About Huntington’s Disease
Huntington’s disease is a progressive, neurological condition that sees the deterioration of the brain. It causes the loss of mental and physical functions. This disease is very rare, affecting three to seven of every 100,000 people. It tends to affect those of European ancestry, with diagnosis typically occurring from age 30 to 40.
The HTT gene is mutated in those with this condition, and it creates the instructions for the protein huntingtin. The exact purpose of this protein is unknown, but doctors believe that it is involved in the health of neurons. It accumulates in long chains due to the mutation and it will then bind to neurons which lose function and die. This gene is inherited in an autosomal dominant pattern, meaning only one parent has to pass down the mutated gene for a child to be affected.
Huntington’s symptoms fall into one of three categories: emotional issues, cognitive decline, or uncontrolled motor symptoms. The first form of symptoms may manifest as personality changes, mood swings, anxiety, depression, and impulsive behavior. Cognitive decline sees effects such as poor decision-making, forgetfulness, and issues with learning and retaining new information. The last category includes symptoms like twitching, shrugging, and issues with walking, coordination, and swallowing. Chorea, or uncontrolled movements, is one of the most common effects.

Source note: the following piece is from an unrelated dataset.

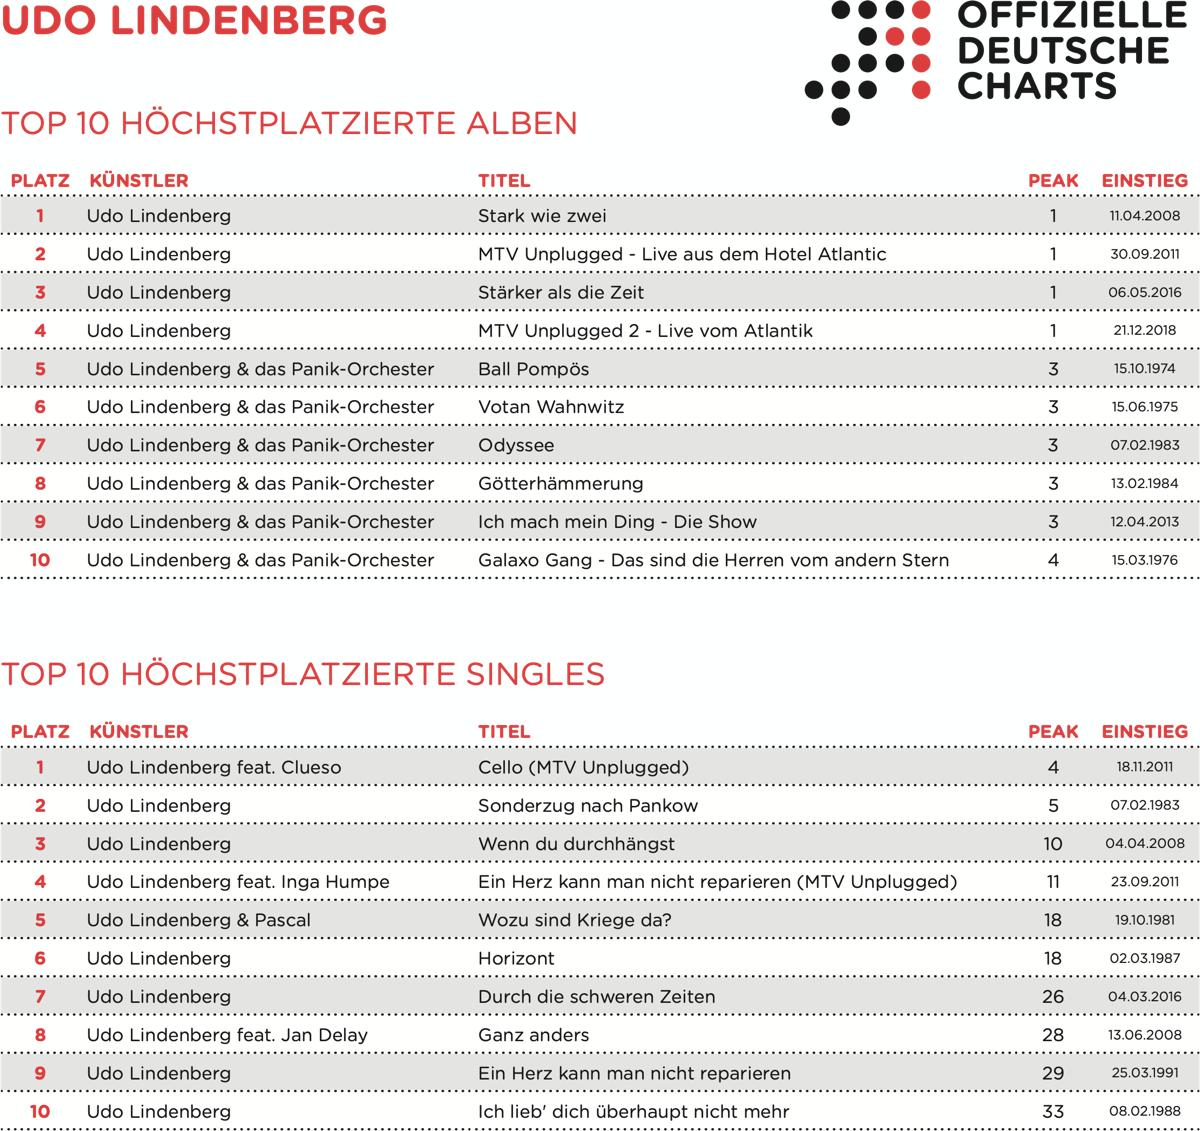 Udo Lindenberg über 1.000 Mal in Charts platziert

Genetic testing is the major method used to diagnose this disease, as people are typically aware that Huntington’s runs in their family. Once a diagnosis is obtained and symptoms begin, treatment is symptomatic. Anti-psychotic drugs or dopamine-depleting drugs are used to suppress chorea. Doctors may also prescribe anti-depressants, neuroleptics, and antiepileptic drugs.
Tominersen is an antisense therapy that is intended to reduce the production of the huntingtin protein. It is the first therapy of its kind to combat the underlying cause of HD.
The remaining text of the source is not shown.